According to a problem in Shafarevich 1.6, every curve in $\mathbb{A}^3$ can be cut out by 3 equations.

Can someone give me an example of a curve in $\mathbb{A}^3$ that is not cut out by 2 equations?

• Hartshorne gives (parametrically) the example of $(t^3, t^4, t^5)$ for an ideal of height $2$ which cannot be generated using just two elements.

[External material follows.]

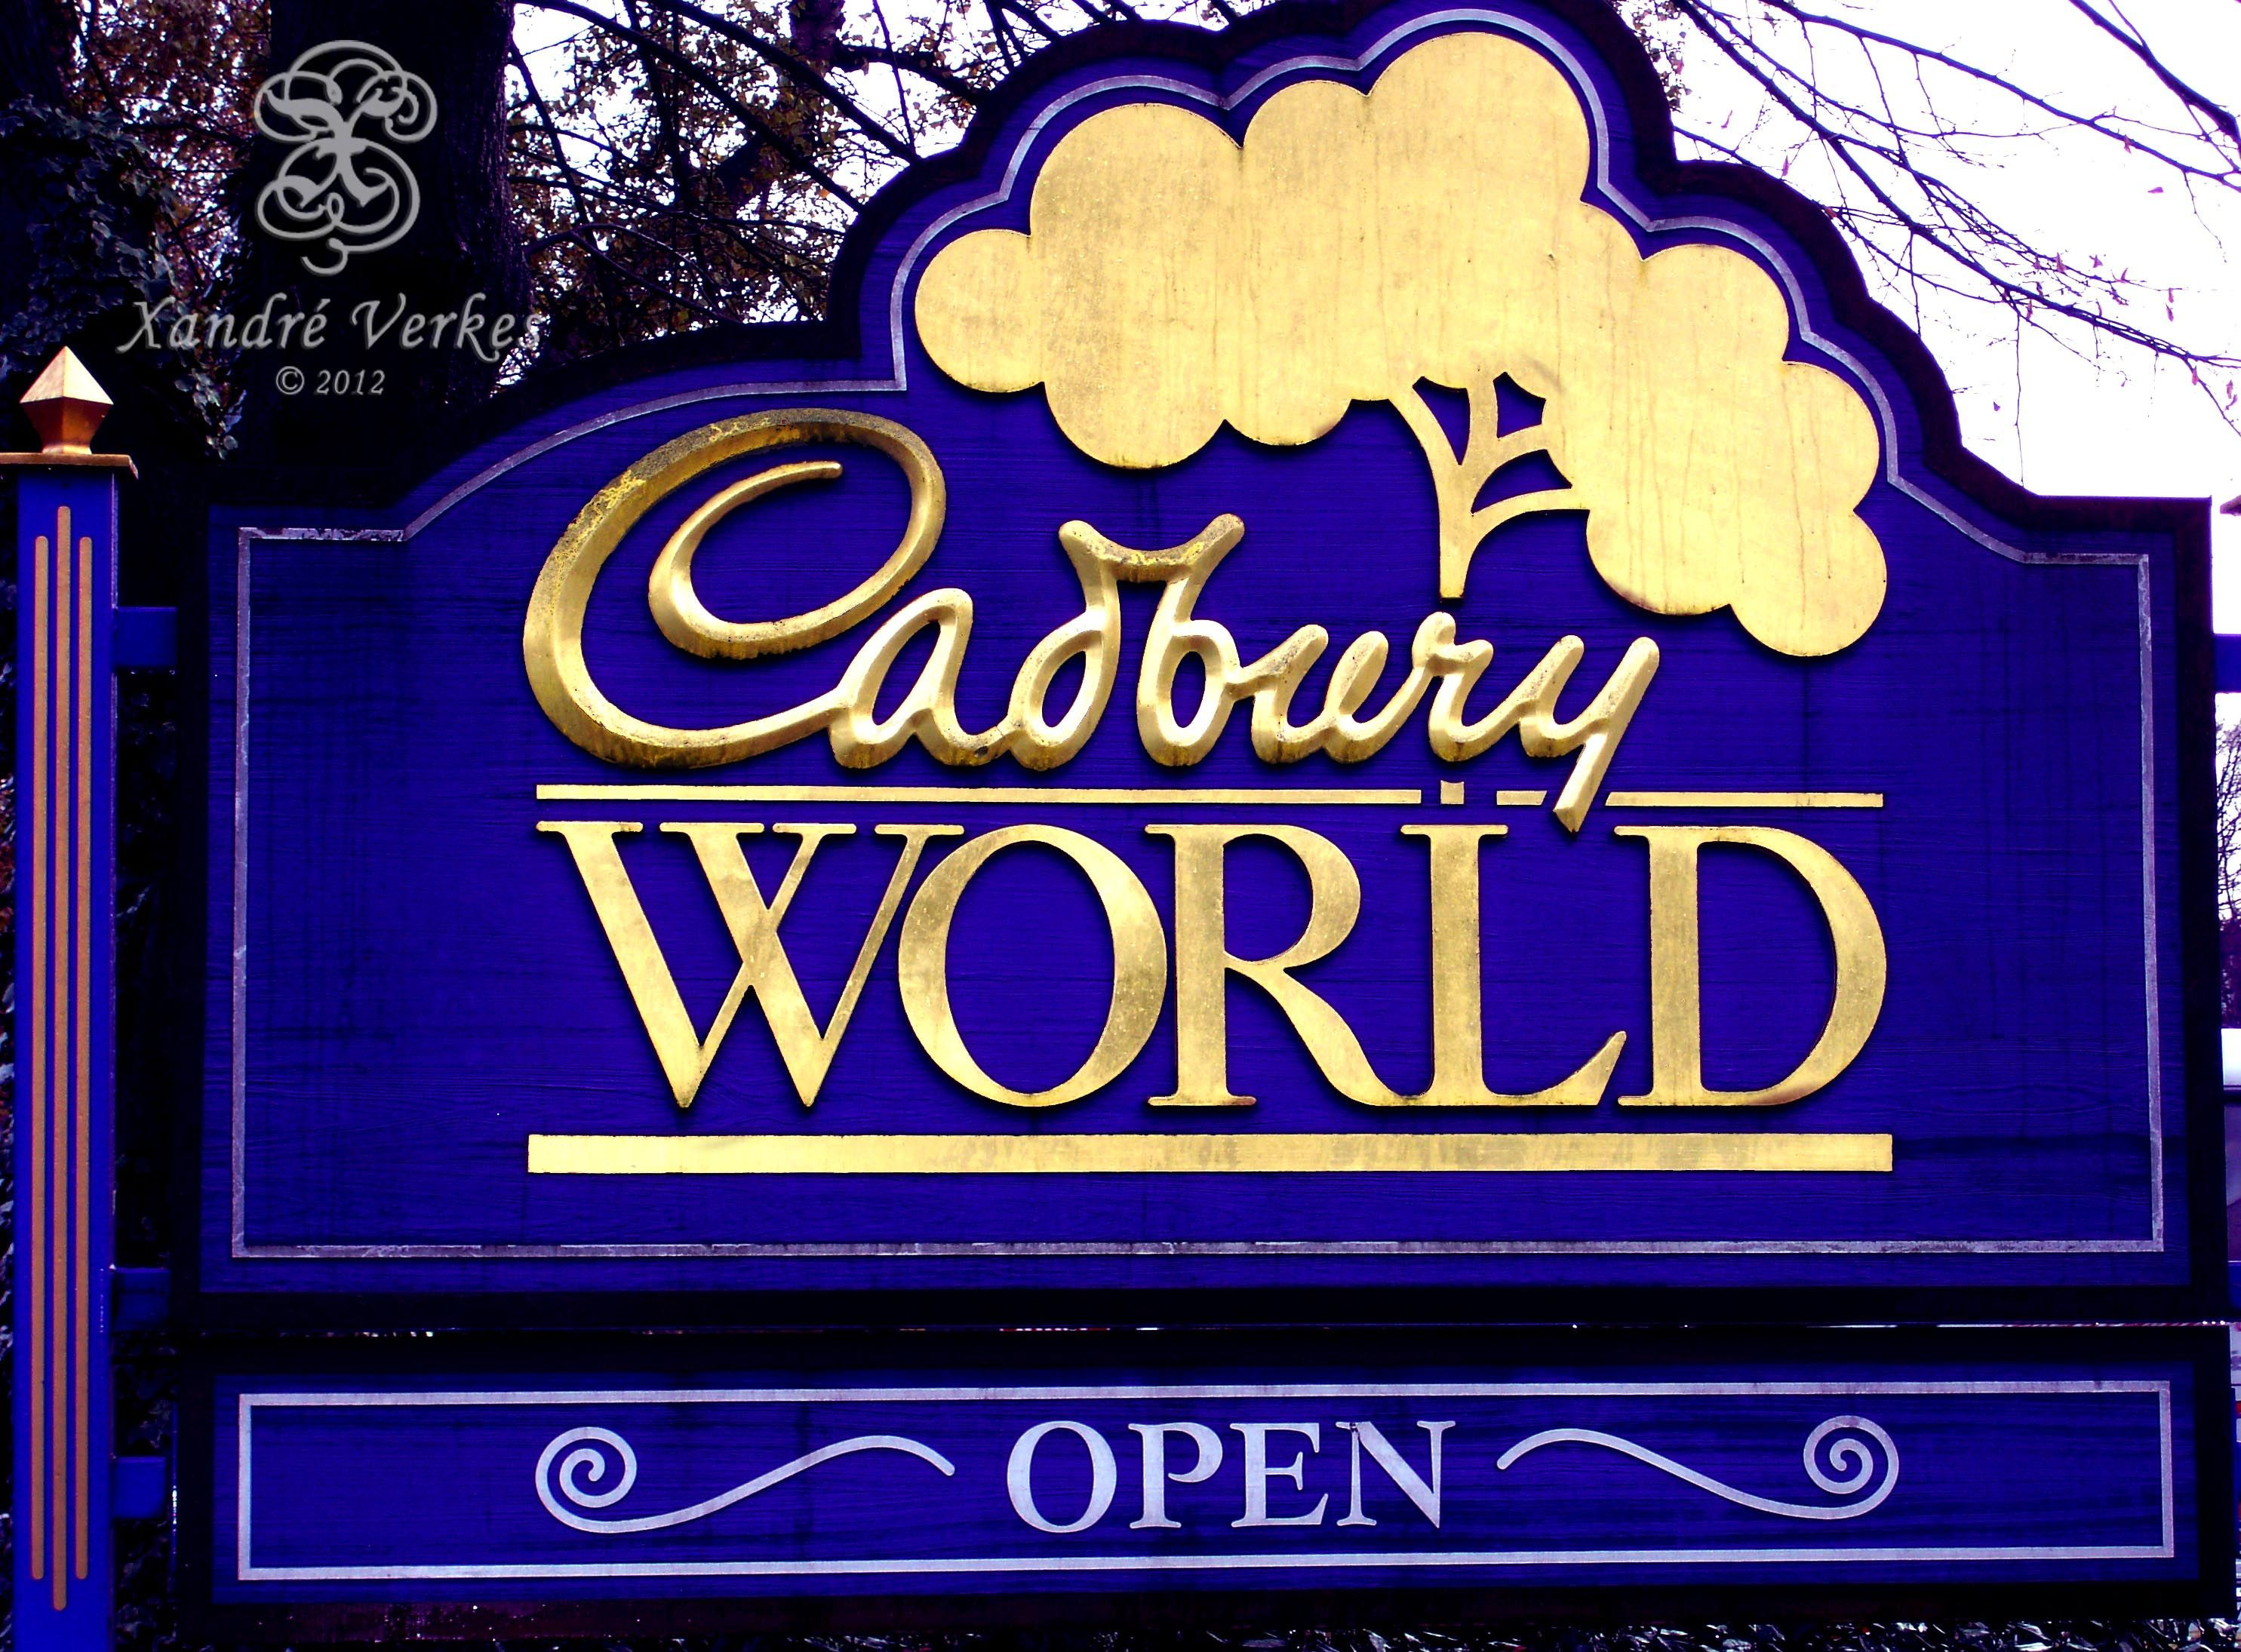 Cadbury Plc in Packaged Food

But I'm blanking on whether this is the same as what you're asking -- the difference between being a "complete intersection" or a "set-theoretic complete intersection" seems real. – Dylan Moreland Feb 1 '12 at 4:26
• The ideal of polynomials vanishing on Dylan's curve is generated by $\{x z-y^2,y z-x^3,z^2-x^2 y\}$. Can you generate it with two polynomials? – Mariano Suárez-Álvarez Feb 1 '12 at 5:18

This is mostly a long comment.

Consider the curve $C$ parametrized by $t\mapsto(t^3,t^4,t^5)$, as in Dylan's comment.

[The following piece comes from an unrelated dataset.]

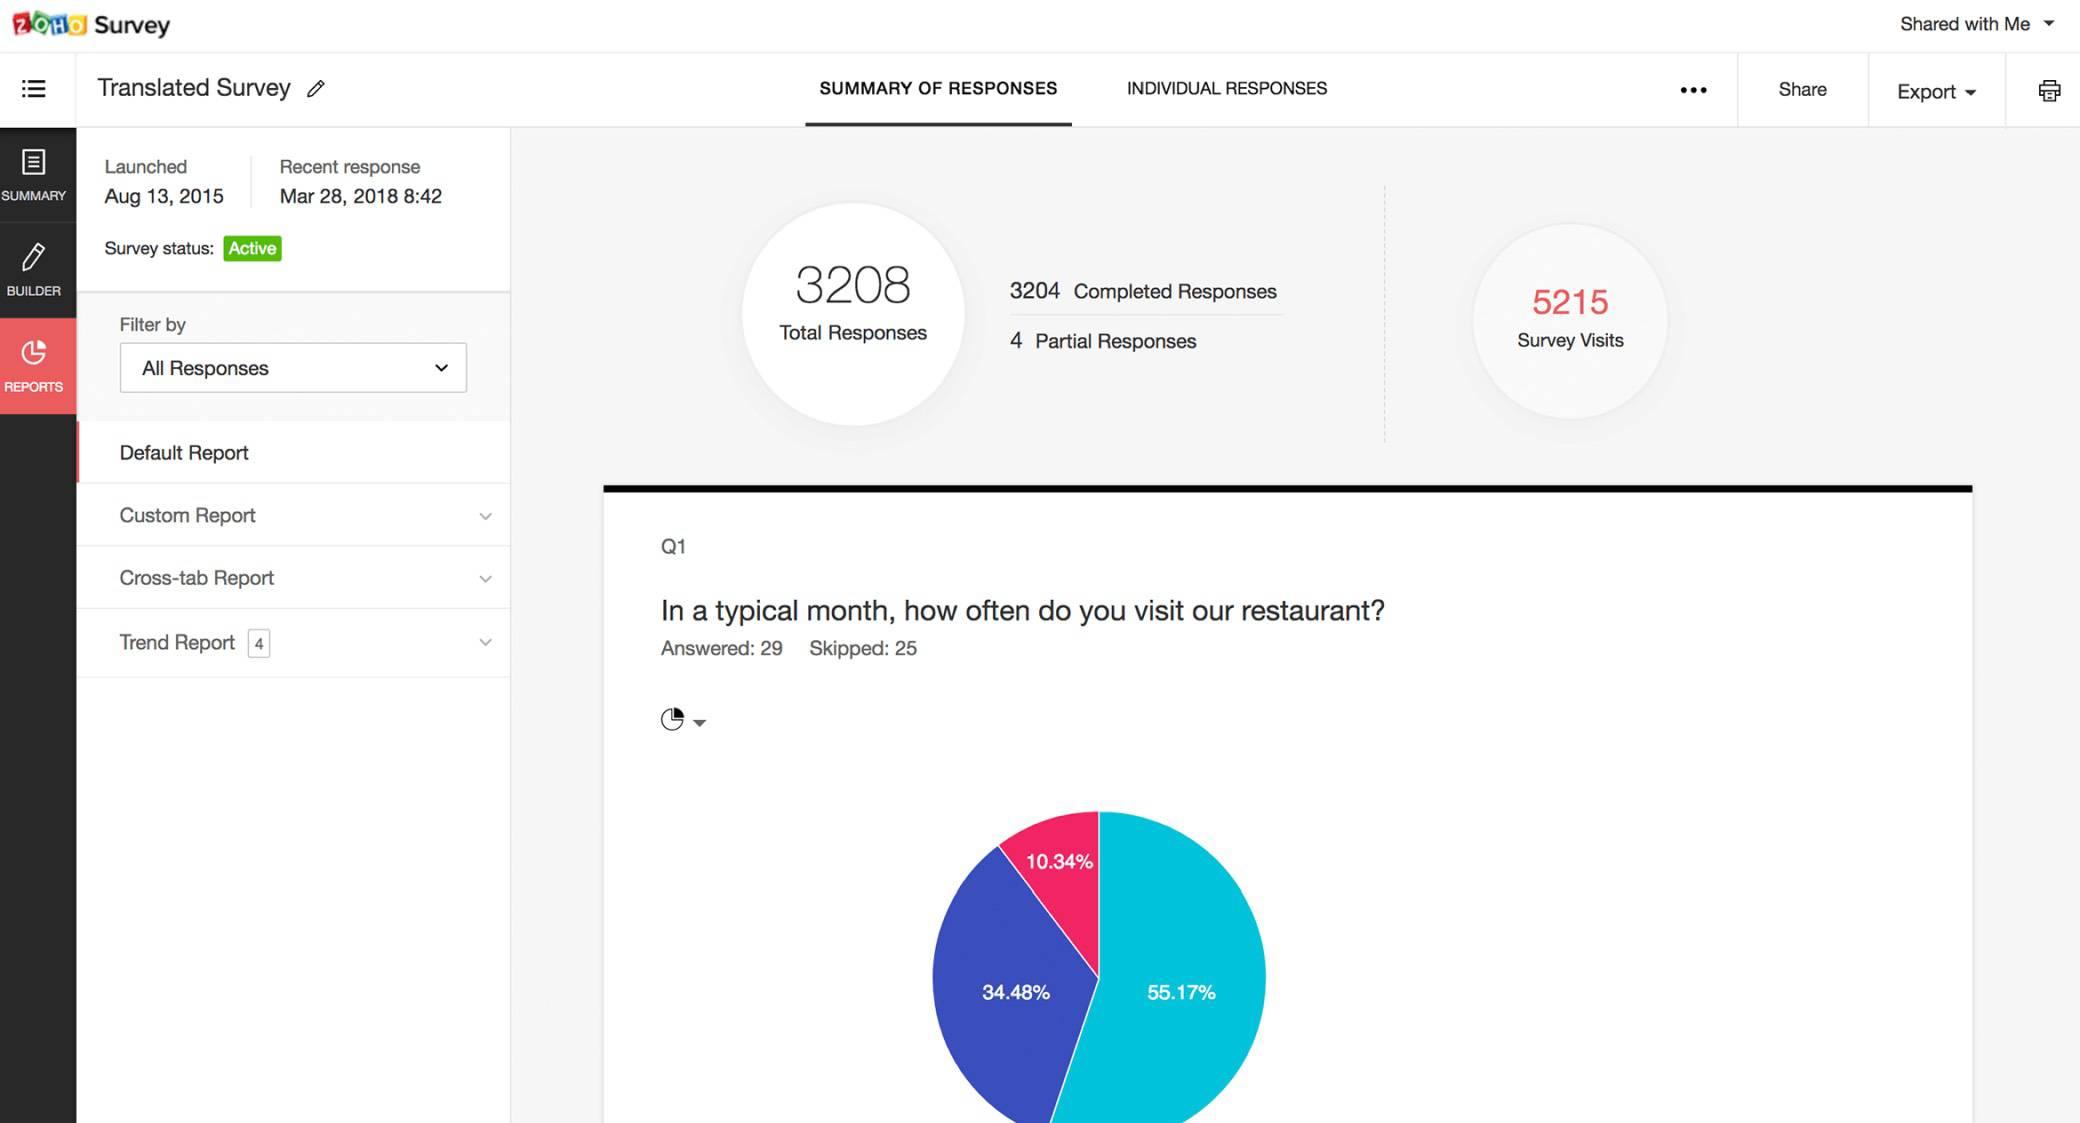 zoho-survey image

Let $A=k[x,y,z]$ be the polynomial ring in three variables, and let us consider it as graded ring with $x$, $y$ and $z$ of degrees $3$, $4$ and $5$, respectively.

Suppose $p=\sum_{i,j,k\geq0}\alpha_{i,j,k}x^iy^jz^k\in A$ is a polynomial such that $p(t^3,t^4,t^5)=0$, so that $p$ vanishes on the curve $C$. Then $$\sum_{\ell\geq0}\Bigl(\sum_{\substack{i,j,k\geq0\\3i+4j+5k=\ell}}\alpha_{i,j,k}\Bigr)t^\ell=0$$ so we see that for each $\ell\geq0$ we have $$\sum_{\substack{i,j,k\geq0\\3i+4j+5k=\ell}}\alpha_{i,j,k}=0.$$ Now, if for each $\ell\geq0$ we define the polynomial $$p_\ell=\sum_{\substack{i,j,k\geq0\\3i+4j+5k=\ell}}\alpha_{i,j,k}x^iy^jz^k,$$ we have first that $$p_\ell(t^3,t^4,t^5)=0,$$ so that $p_\ell$ vanishes on $C$, and $p_\ell$ is homogeneous of degree $\ell$ in our graded ring $A$. Our polynomial $p=\sum_{\ell\geq0}p_\ell$ is therefore a sum of homogeneous elements of $I$.

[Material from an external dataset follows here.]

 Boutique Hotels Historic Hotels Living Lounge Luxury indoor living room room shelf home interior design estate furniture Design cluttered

This means that the ideal $I\subseteq A$ of the polynomials which vanish on $C$ is homogeneous: it is generated by the homogeneous elements it contains.

Now, it is easy to see that the subspaces of $I$ of homogeneous elements of degrees $8$, $9$, and $10$ are $1$-dimensional, spanned respectively by the three polynomials $x z-y^2$, $y z-x^3$ and $z^2-x^2 y$. Moreover, it is also easy to see that all the homogeneous components of $I$ of degree less than $8$ are zero: in fact, the monomials $1$, $x$, $y$, $z$, $x^3$ and $xy$ span the direct sum of the homogeneous components of $A$ of degree less than $8$, and no non-zero linear combination of them vanishes on $C$, as a little computation will show.

Thinking a bit about what all this means, we see that the three polynomials $x z-y^2$, $y z-x^3$ and $z^2-x^2 y$ must belong to any generating set of $I$. This shows that $C$ is not a complete intersection. This may or may not be what Shafarevich has in mind, as "cut" may also mean set-theoretically, as Dylan notes.

If he means the latter, then this example does not work: Ernst Kunz shows, in his Introduction to commutative algebra and algebraic geometry, that all monomial curves in affine $3$-space are set-theoretically complete intersections.